COMM: In Malawi and some other African countries the Millennium Development Goals are now being written into the Poverty Strategy Reduction Plans they are asked to agree in return for Western aid. The idea is to create a national consensus around the MDGs – though there’s a long way to go.
YOUBA SOKONA: The problem is I travel a lot in the north as well as in Africa and every time I come in the north and particularly in UK I hear about the Millennium Development Goals. But in Africa I never heard about the Millennium Development Goals.
EVELINE HERFKENS: That’s too negative – I know many civil society organizations that are increasingly using the package of these goals to create alliances, to indeed make governments accountable. More and more of the main Millennium Development Goals are integrated objectives of the poverty reduction strategies. I was in Latin America a few weeks ago – Brazil – Lula’s programme – putting an end to hunger – is in fact Goal One.
COMM: But the so-called War on Terror has created a new obstacle to the rich countries delivering their side of the MDG bargain. Since Nine Eleven – and the wars in Afghanistan and Iraq – the political attention of the rich countries has been diverted from development to defence. Some now fear the rich countries will fail to deliver on their commitments, making real global security even harder to achieve.
JAMES WOLFENSOHN: The thing which troubles me in relation to the Millennium Development Goals is not the goals themselves which I think are totally admirable, but - that there is a large gap between the assistance that needs to be given to achieve those millennial development goals and the rhetoric.
And if you compare for example the 50 billion dollars which is broadly the figure of development assistance, with a thousand billion dollars which is spent on defence – a thousand billion dollars – it seems to be that that imbalance doesn’t recognise the true basis on which one needs to build a peace, rather than a defence against terror and war.
DR LEE JONG-WOOK, Director-General, World Health Organization Whatever we do so we have to build it on the reality. But clearly if somebody spent five hundred billion, or even fifty billion, maybe even more, on the MDGs, of course it will be good news. But perhaps I’m dreaming?
COMM: For some the MDGs represent an even more ambitious agenda than eradicating poverty. They’re about restoring faith in multilateralism – the dream of a common global project that can unite a divided world.
POUL NIELSON: It’s not about a country here or a donor there playing the heroic role or doing something nice in Africa, it’s the organisation of it, the globalisation of it. Everybody talks about the international society, the shared - we don’t have one. Some of us are trying to create one, and the MDGs is a tool in that endeavour.
INTERVIEWER: Isn’t the problem about a common global project that everybody leaves it to everybody else? Nobody really takes the responsibility?

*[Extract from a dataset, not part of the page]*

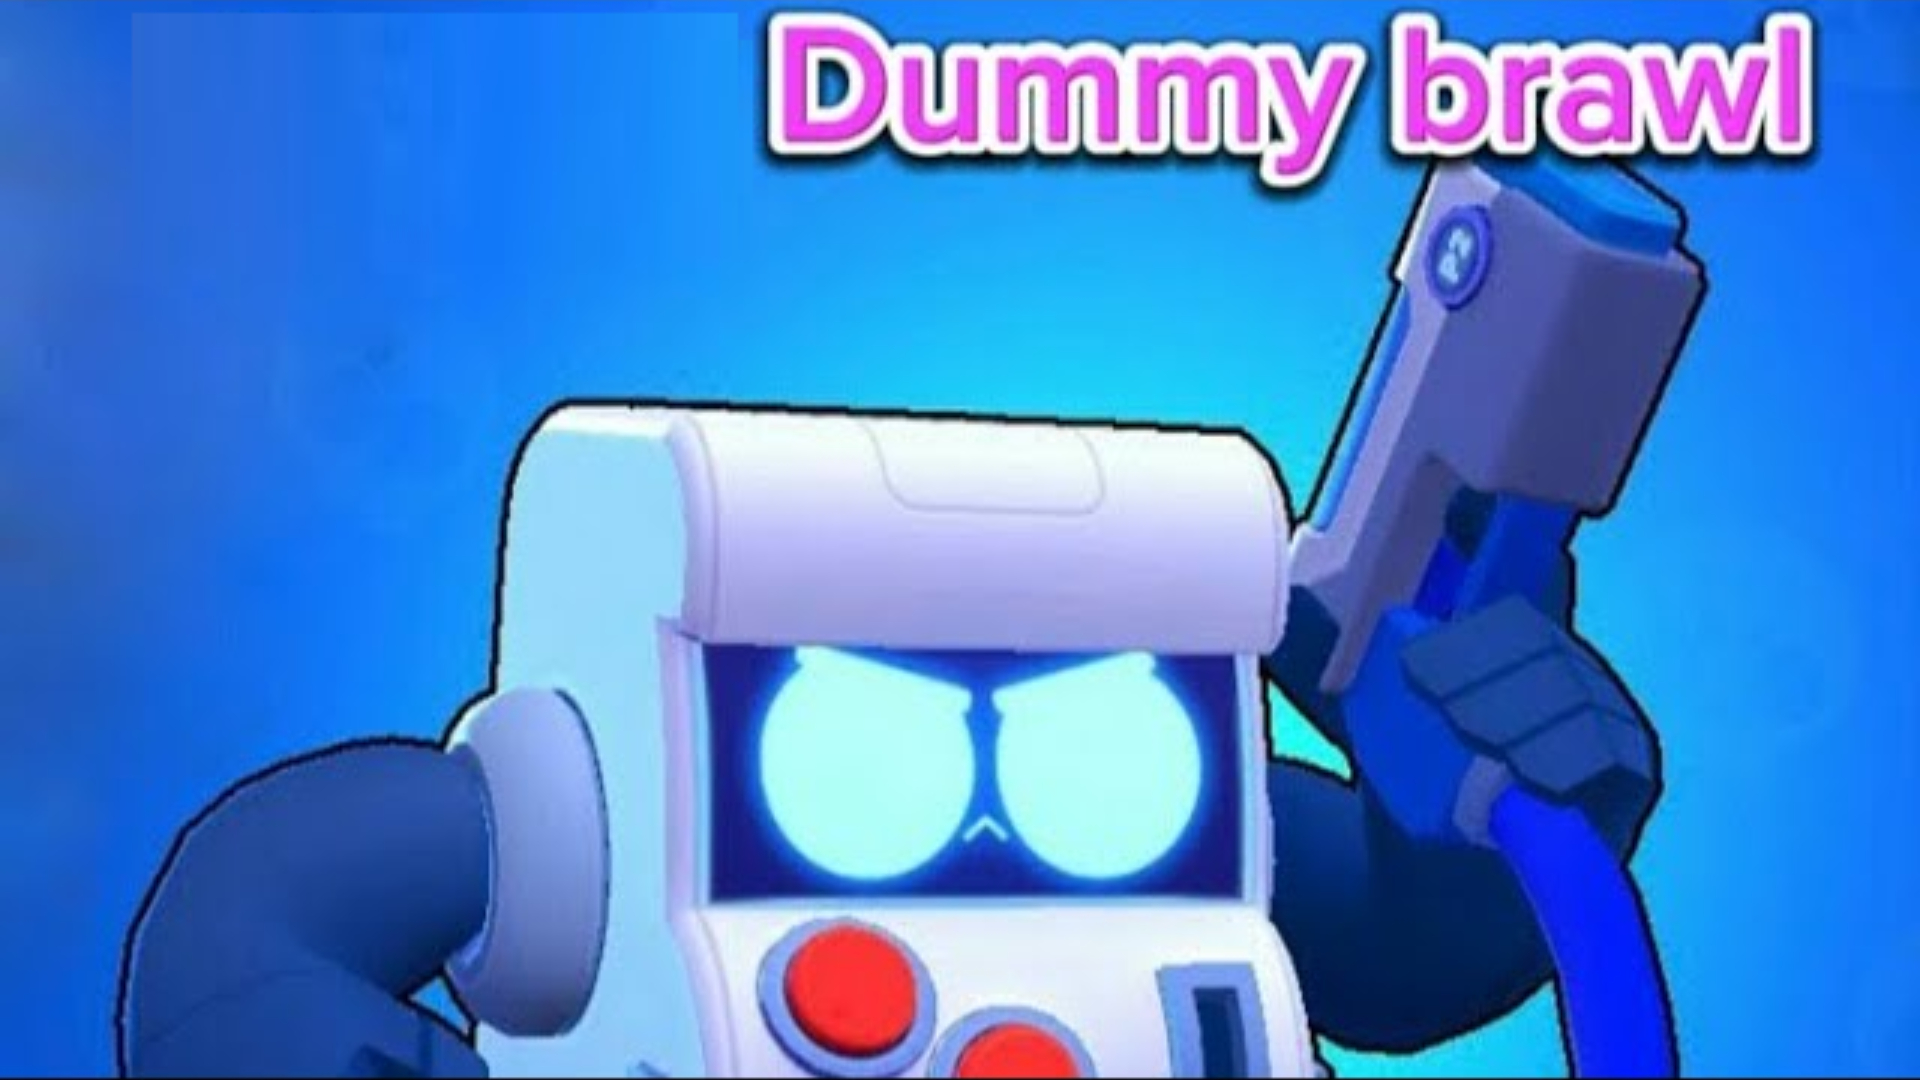 How to Download Dummy Brawl Latest Version on Android

HILDE FRAFJORD JOHNSON: There’s always a risk of that. And I think that in this case, there is a difference, because we have not only agreed some vague formulations on the declaration of the UN conferences, but we’ve actually made commitments…
The poor countries have to improve their governance, the way they are running their business, and we have to improve both trade, debt and aid conditions. And actually what we see now is that there is a mobilization around these goals – we have agreed on the goals and on how to reach them.
COMM: But whatever the grand political agenda behind them, the MDGs represent modest targets. Little more, really, than a decent life - for everyone.
EVELINE HERFKENS: It’s basically very simple – investment, clean water, preventable diseases, primary education, schooling, public health systems, simple investments… It took us in northern Europe a century, it took Japan half a century, Korea a quarter of a century.
What we did, we can do on a worldwide scale, if we get our act together.